There's been an explosion of so-called "tangible interfaces"
for music: the basic scenario is, there's a table, possibly with
projections, and little blocks or objects or projected thingies you can
play around with and move to produce sound.


(Tangible = something physical you can move or touch, as opposed to an
interface that's intangible, like the filter routing in Apple Logic's Ultrabeat, which was designed by aliens who would rather use mental telepathy for control.)

Lately, there have been nearly weekly introductions of slight
variations on this theme, so many that if you've been reading
interactive tech blog near near future, you can't tell your audiopad from your reacTable from your audiocube from your audiocubes. (Yes, those last two are different.) Even Yamaha and Fisher-Price have gotten in on the action.

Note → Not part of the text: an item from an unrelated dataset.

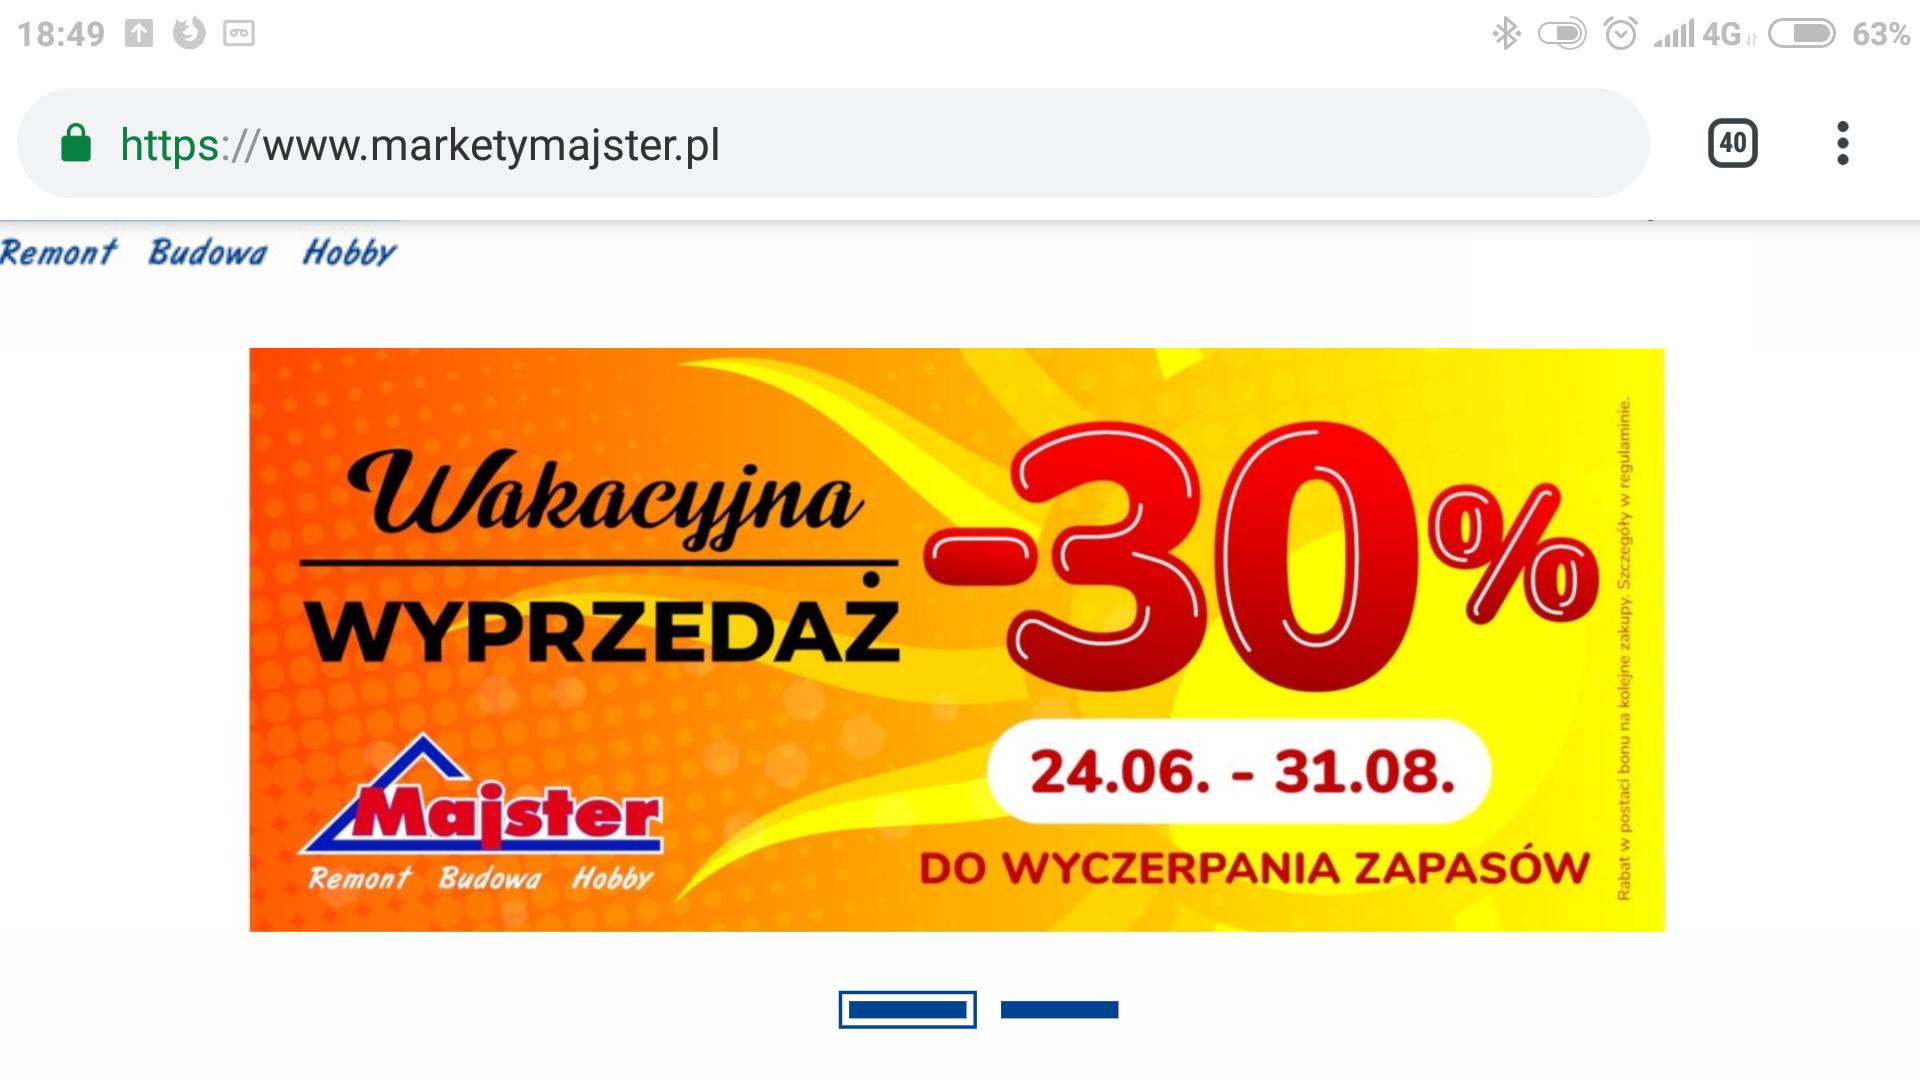 Markety budowlane Majster minus 30% od żółtej ceny

Martin Kaltenbrunner has heard your cries of anguish and created a huge list of tangible interfaces / music tables,
complete with links to creators, project sites, and publications.
(Don't tell your thesis advisor, interactive technology MFA candidates
— just say you did this research during hundreds of hours at the
library.) Some links are out of date, but it's still quite useful. (via networked_performance)

Oh yeah, make that tables and one sonic banana
— is Martin hedging his bets in case this ridiculous cube phase comes
to an end and people realize that what they really want to make music
is segments of rubber hose? (Me, I think musical stress balls are the real instrument of the future.)

Still not satisfied? Head to Vancouver for an international conference dedicated to new musical interfaces, take pictures, and let us know what you see!